You might think that the opposite of a psychologically safe team environment is fear and discomfort.
In fact, teams that don’t have the kind of psychological safety that supports speaking up may feel very comfortable with the way things are. And fighting this comfort can be tougher than fixing a fear culture!
💡 In practice, we don’t speak up against the ideas and decisions of others because we choose the more comfortable route. It’s more agreeable to be, well, agreeable.
This is because we perceive speaking up as an interpersonal risk. It runs counter to our desire to maintain an image that we are kind, competent and easy to maintain a rapport with.
We naturally avoid interpersonal risks for fear of seeming rude, holding everyone back from finishing the meeting, weakening a newfound alliance, revealing we weren’t listening closely enough to ‘get it’ – and so on.
To reshape what’s comfortable, a team needs to take interpersonal risks, again and again. This allows small acts of courage to accumulate into a shared sense that it isn’t that risky to be “risky”.
Repeat this quick six-point process to help your team take these small risks together day in, day out.
✅ Notice when comfort is prioritized over interpersonal risk-taking. Get to know when teammates are sitting on their hands or holding their tongues.
Common signs? Lazy nods of agreement, agreeable shrugs, silence when asked directly for critique.
✅ Voice what you think the interpersonal risk holding the person or group back might be.

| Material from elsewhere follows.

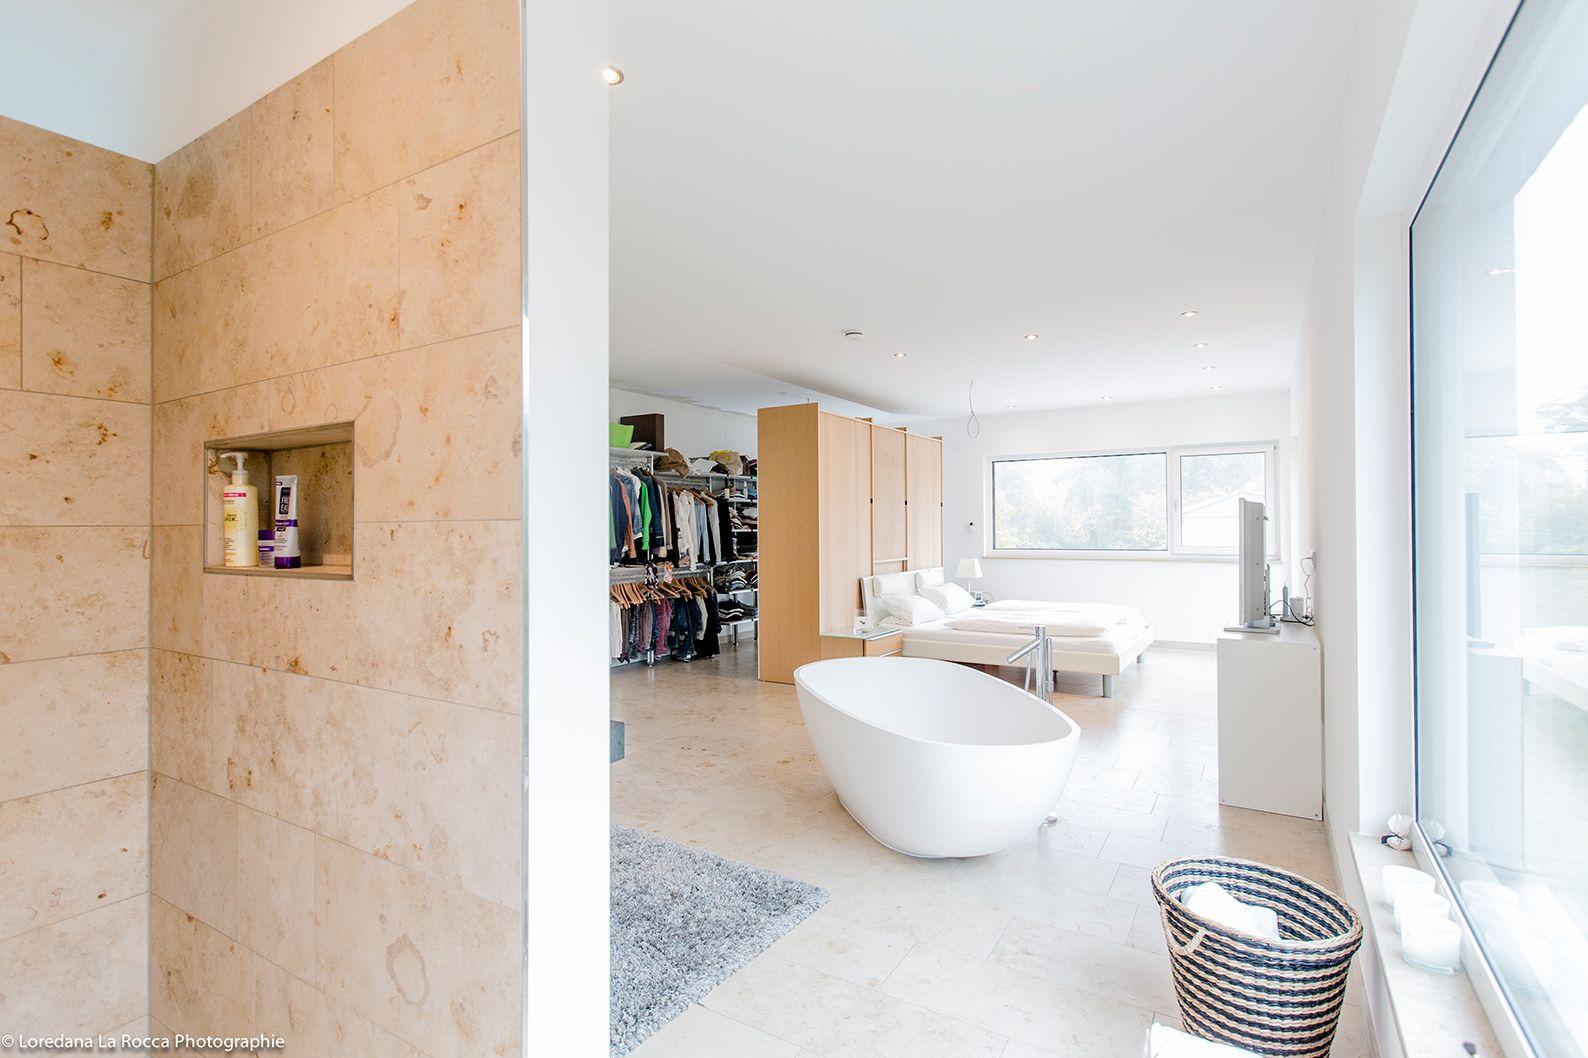 Haus Lastructura Fischerhaus Fertighaus Badezimmer Badezimmer Schlafzimmer Badewanne Offen Modern Klassisch W Fertighauser Badezimmerideen Badgestaltung

Acknowledge how small the risk or discomfort is.
“I know most of you in the room are new to seeing this kind of data and don’t want to look like you’re overstepping if you challenged the conclusions. But your take is as valuable as any expert’s at this stage…”
✅ Ask for a different idea from the room or a specific person.
“…Alice, can you suggest where one of our blindspots might be?”
✅ Show curiosity in the new idea and reflect on it out loud, even if it seems nonsensical to you at the time.
✅ Give thanks for speaking up and remind them they’re making everyone better by speaking up.
“I’m so glad we challenged that just now. Well done for sharing a new perspective that shook up consensus.”
✅ Pass it on. Ask if anyone else can build upon what was just shared or put the ball in someone else’s court to raise the next point.
. . .
The bottom line?
Paradoxically, when teams lack psychological safety to speak up, they can actually feel safe. That’s because avoiding the associated interpersonal risks is comfortable. Prompt little interpersonal risks every day by voicing the discomfort and then stepping over it together.